Stats (Both nominal and absolute)
All those descriptors can be extracted from any raw TData arrays whatever the meaning.
- Raw Moment (nth order): sum(xi^n) / size(X)
- Central Moment (nth order): sum(Mean(X)-xi^n) / size(X) [Also from the moments]
- Center of Gravity (nth order): sum((i*xi^n)) / sum(xi^n)
- Mean: sum(xi) / size(X)
- Standard Deviation: sqrt(sum((xi-Mean(X))^2) / size(X))
- Centroid: sum(i*xi) / sum(xi)
- Variance: sum((xi-Mean(X))^2) / size(X) [Separation from mean]
- Skewness: sum((xi-Mean(X))^3) / pow<3/2>(sum((xi-Mean)^2)) [variance asimetry]

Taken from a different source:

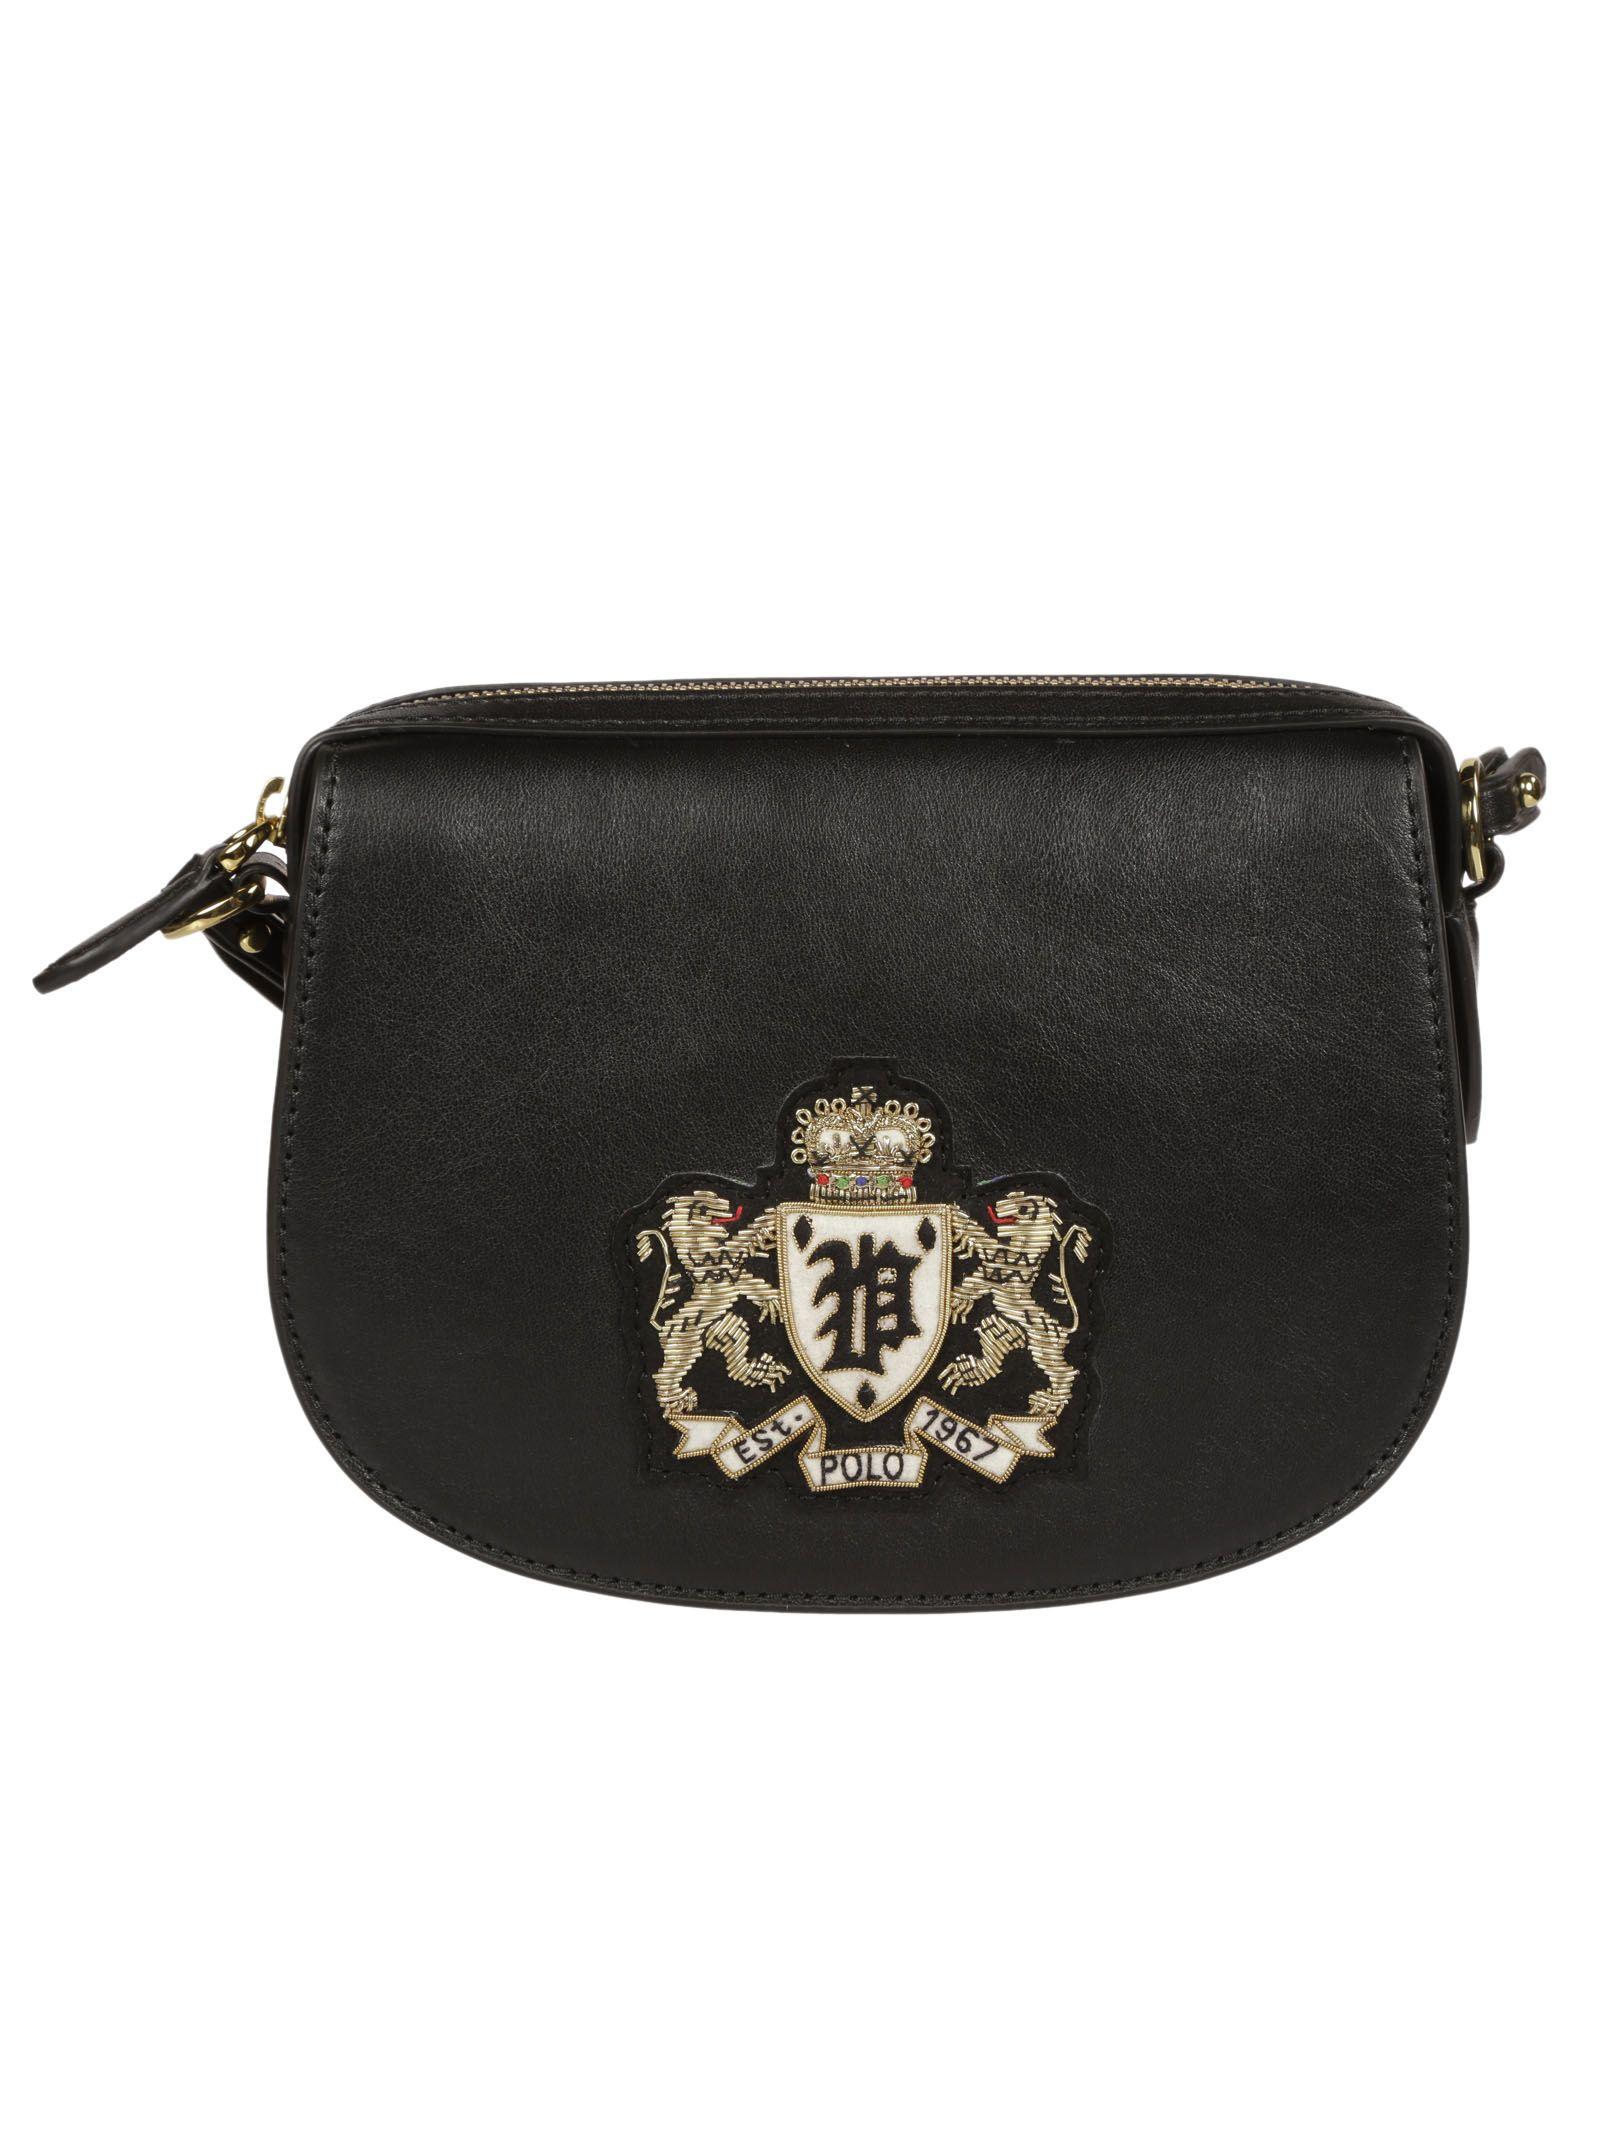 Ralph Lauren Appliqué Detail Shoulder Bag In Black  ce699ac2640cc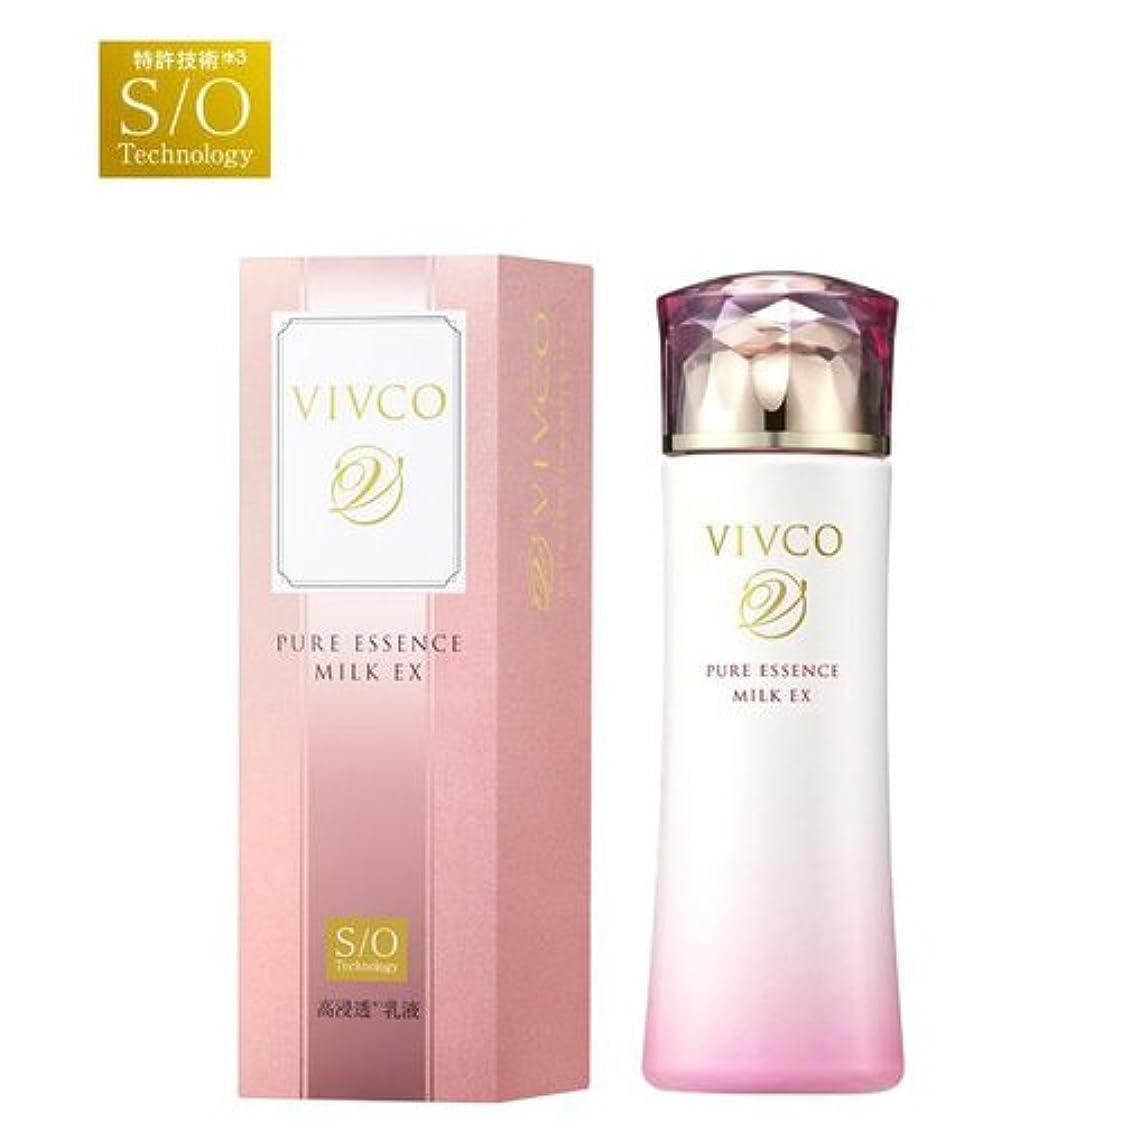 ご注意告白する独創的VIVCO(ヴィヴコ) ピュアエッセンスミルク EX 120mL

- Kurtosis: sum((xi-Mean(X))^4) / sum((xi-Mean(X))^2)^2 [Degree of peakness]
- Slope: (size(X)*sum(xi*i)-sum(xi)*sum(i)) / (sum(xi)*(size(X)*sum(i^2)-sum(i)^2))
- Tilt: ???
- GeometricalMean: exp(sum(log(xi)) / size(X))
- Energy: sum(xi^2)
- RMS: sqrt(sum(xi^2))
- Max: max(X)
- Min: min(X)
They can also be aplied to objects having defined some arithmethic operators (*/+-).
It is expected that those objects are structs containing TData fields
so that the result of applying such arithmethic operators is an object
of the same type applying the same operator over those TData fields one by one.
Frame Representations
The frame can have several representations:
- AudioFrame: Is a chunck of the original audio. Is taken sequencially with optional overlap.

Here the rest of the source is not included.